- [What the exercise asks] Retype the listing found below exactly, but leave out each picture.

- [Available records]
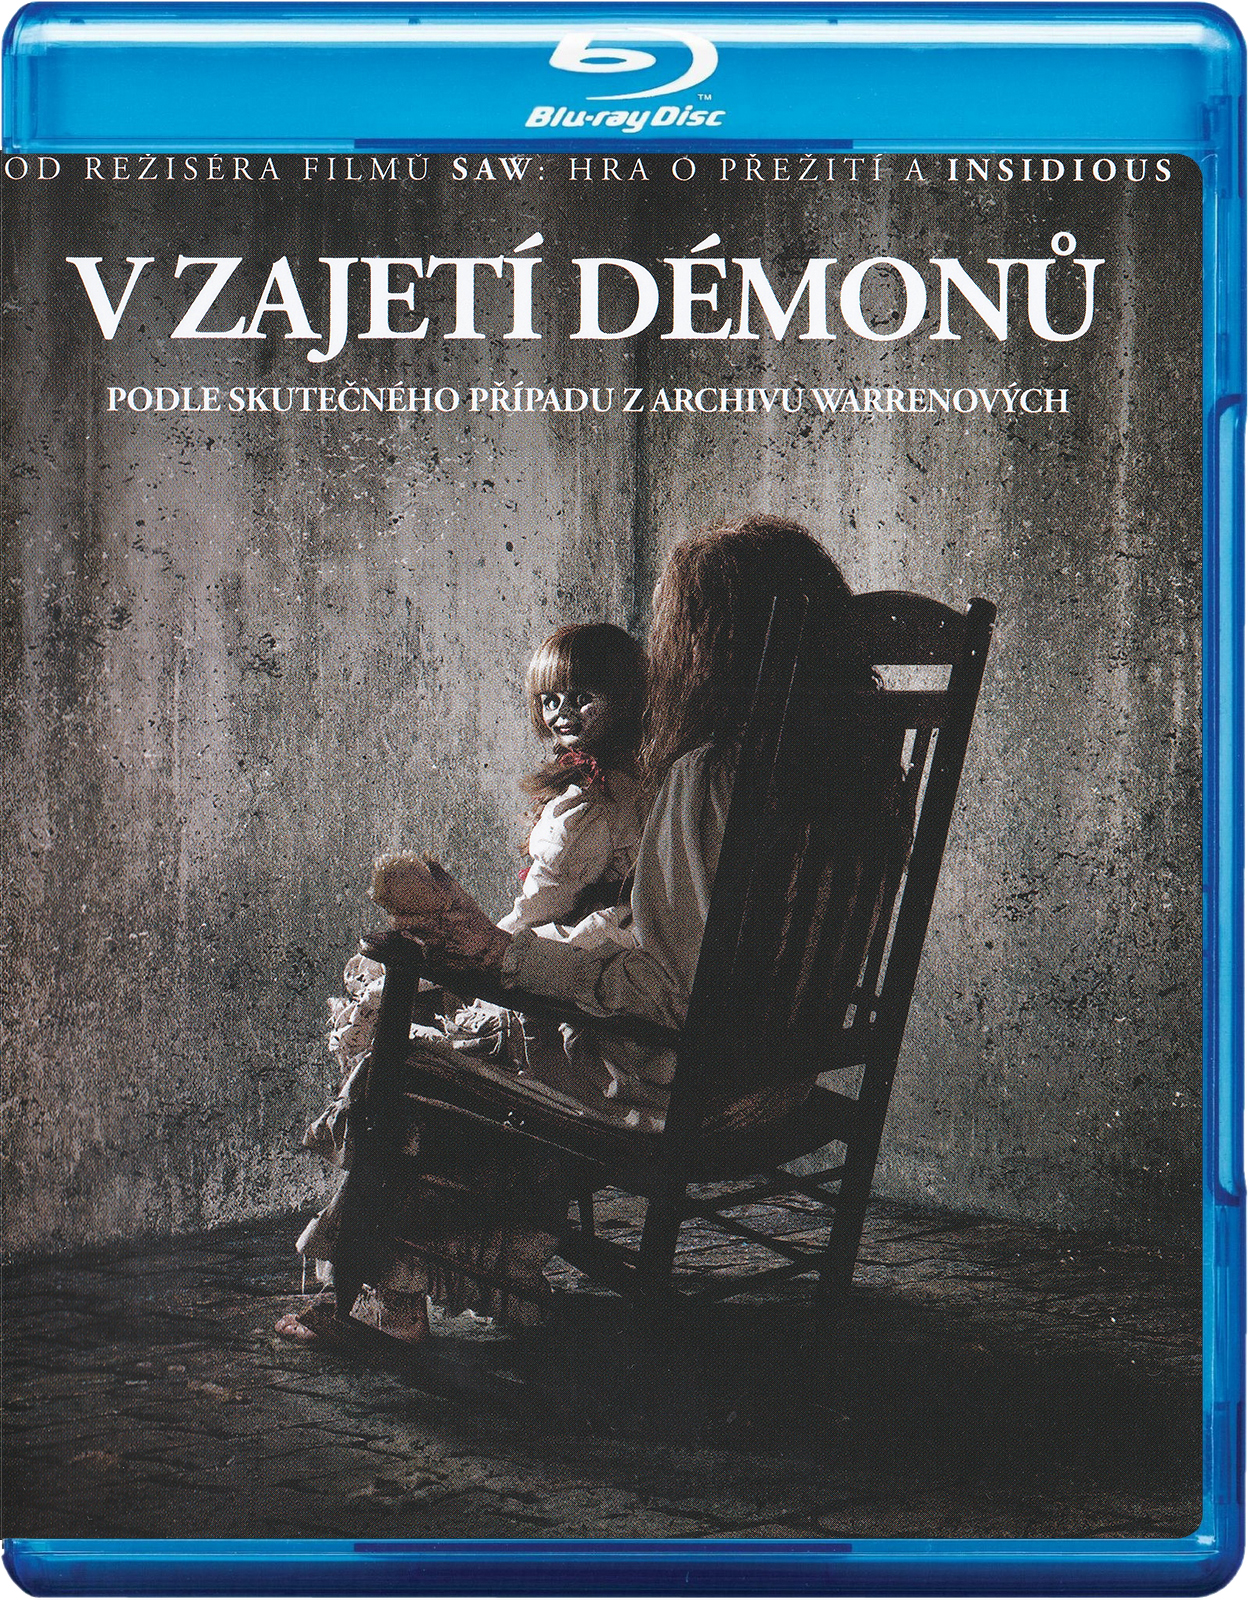 Stiahni si HD Filmy V zajeti demonu/The Conjuring (2013)(CZ/EN)[720pHD] = CSFD 82%
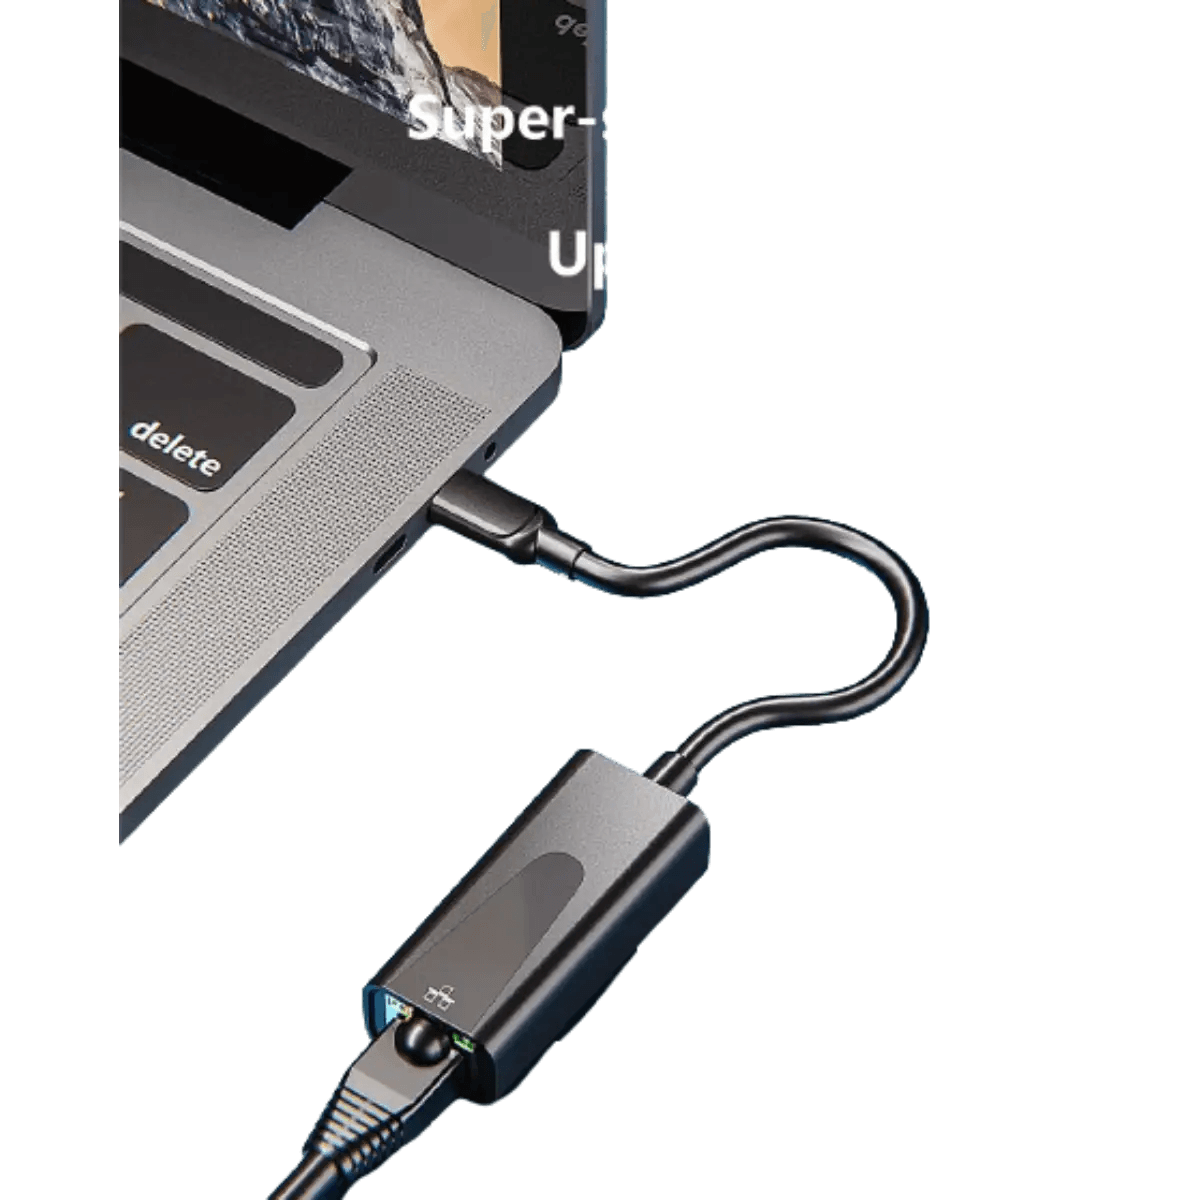 Adaptateur USB-C Ethernet 1000 à RJ45 LAN
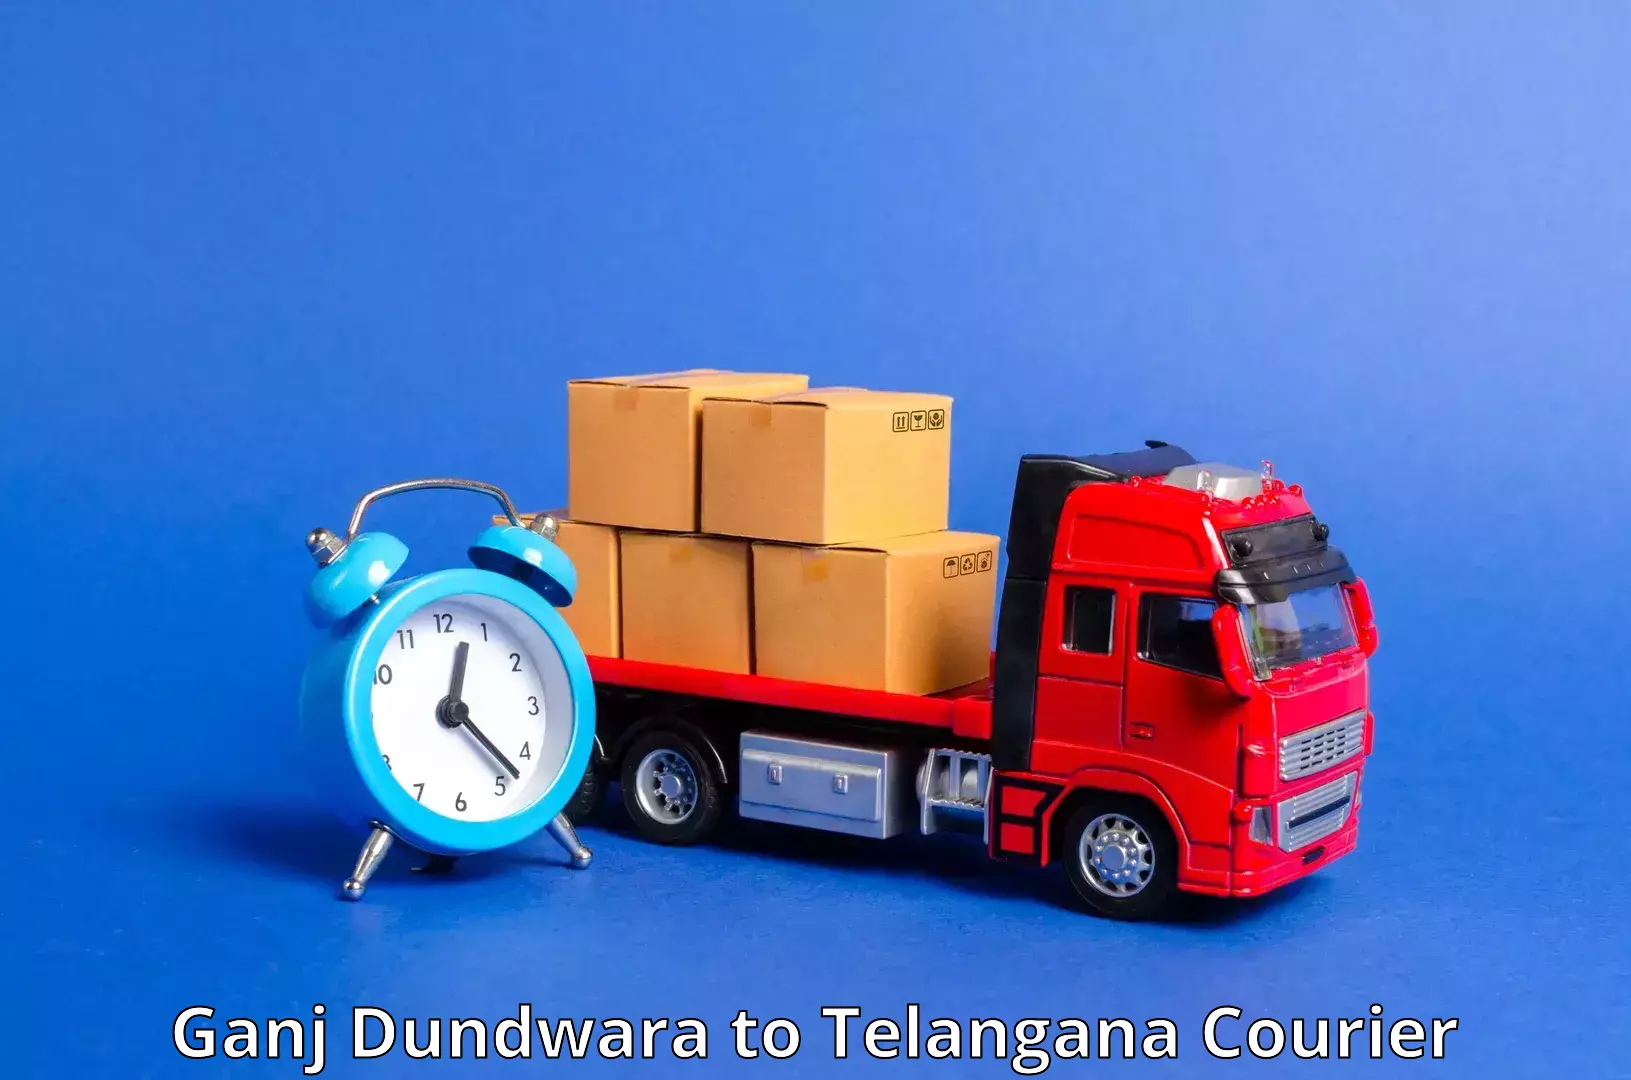 Tracking updates Ganj Dundwara to Madnoor
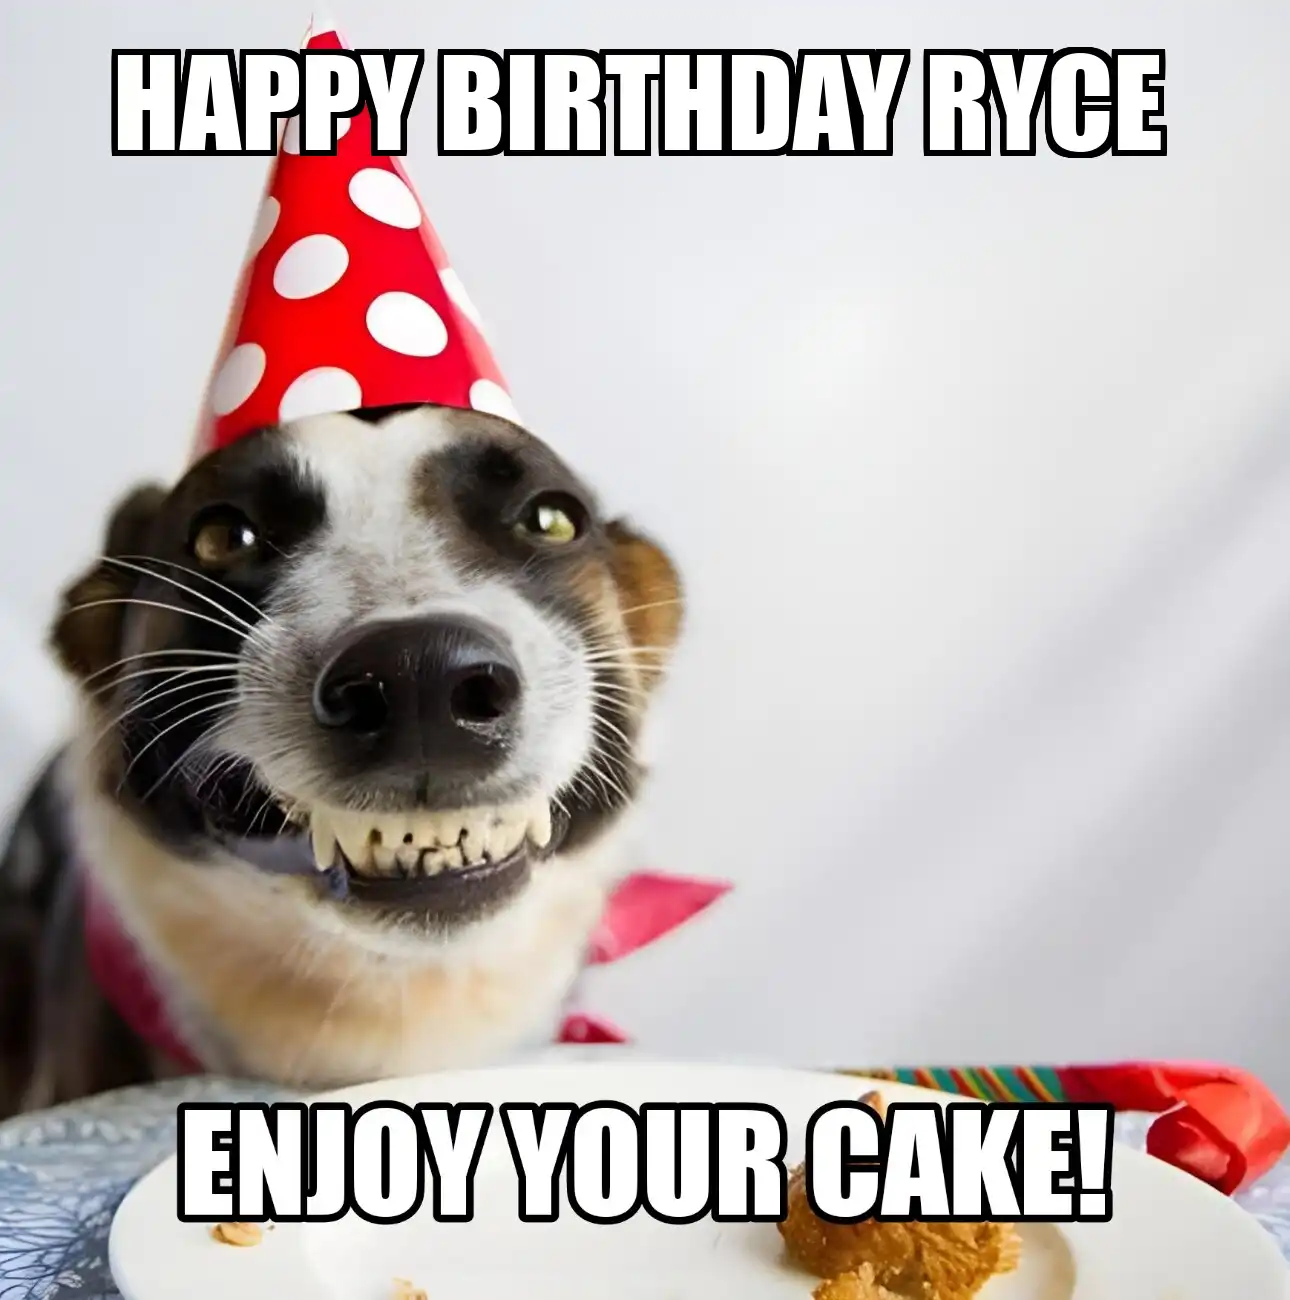 Happy Birthday Ryce Enjoy Your Cake Dog Meme
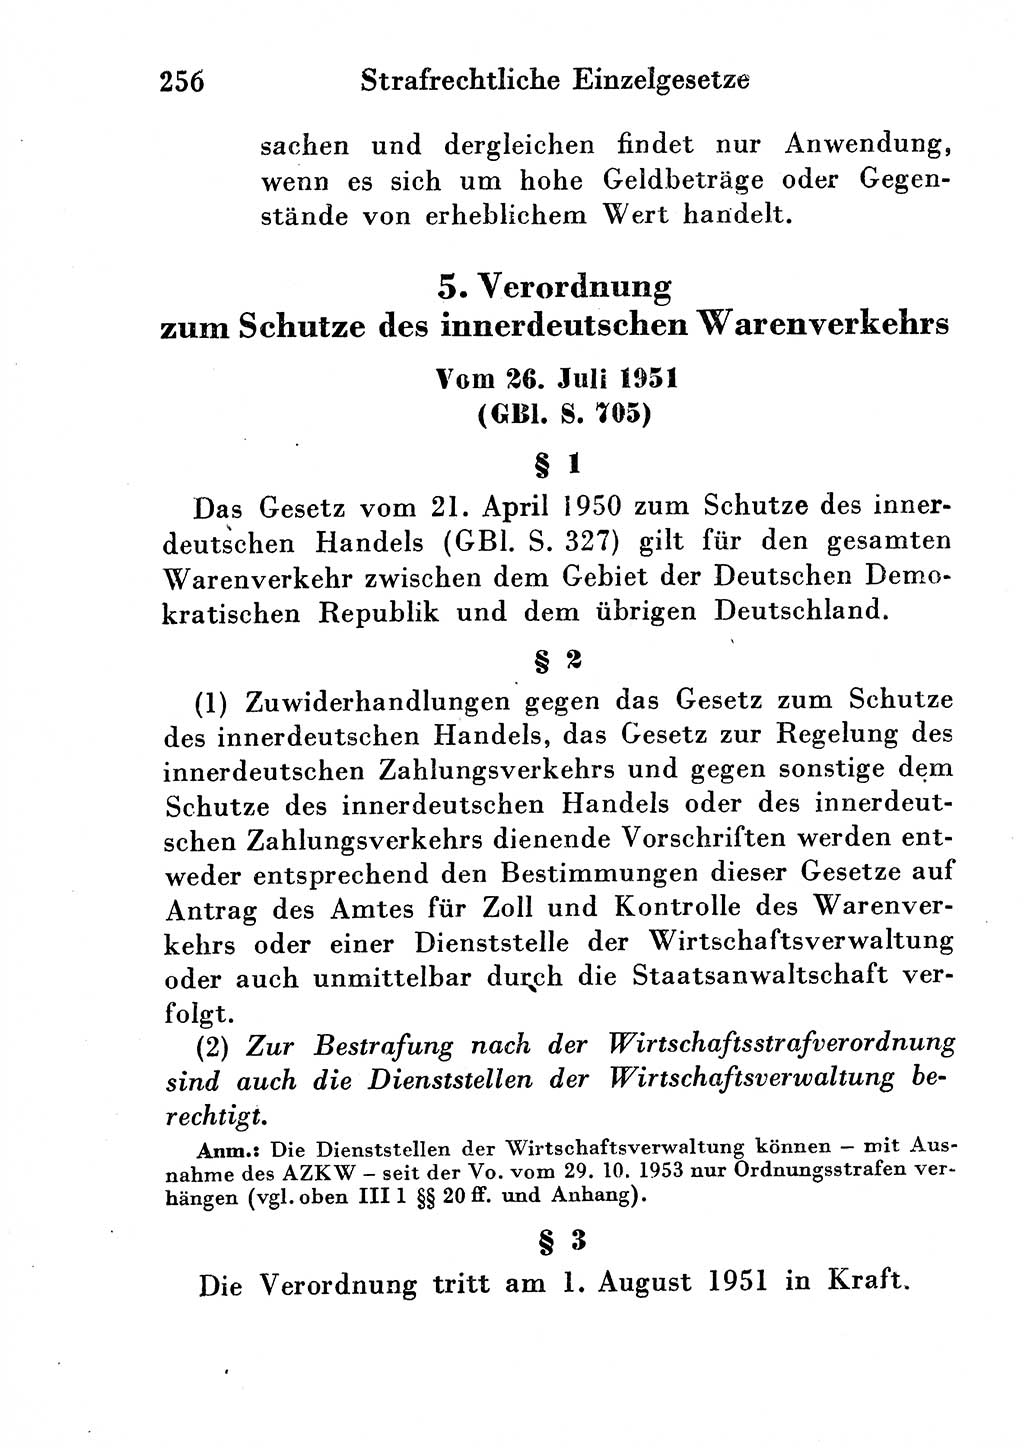 Strafgesetzbuch (StGB) und andere Strafgesetze [Deutsche Demokratische Republik (DDR)] 1954, Seite 256 (StGB Strafges. DDR 1954, S. 256)

- [Output below]
 Stiahni si HD Filmy V zajeti demonu/The Conjuring (2013)(CZ/EN)[720pHD] = CSFD 82%
 Adaptateur USB-C Ethernet 1000 à RJ45 LAN
 Tracking updates Ganj Dundwara to Madnoor
 Happy Birthday Ryce Enjoy Your Cake Dog Meme
 Strafgesetzbuch (StGB) und andere Strafgesetze [Deutsche Demokratische Republik (DDR)] 1954, Seite 256 (StGB Strafges. DDR 1954, S. 256)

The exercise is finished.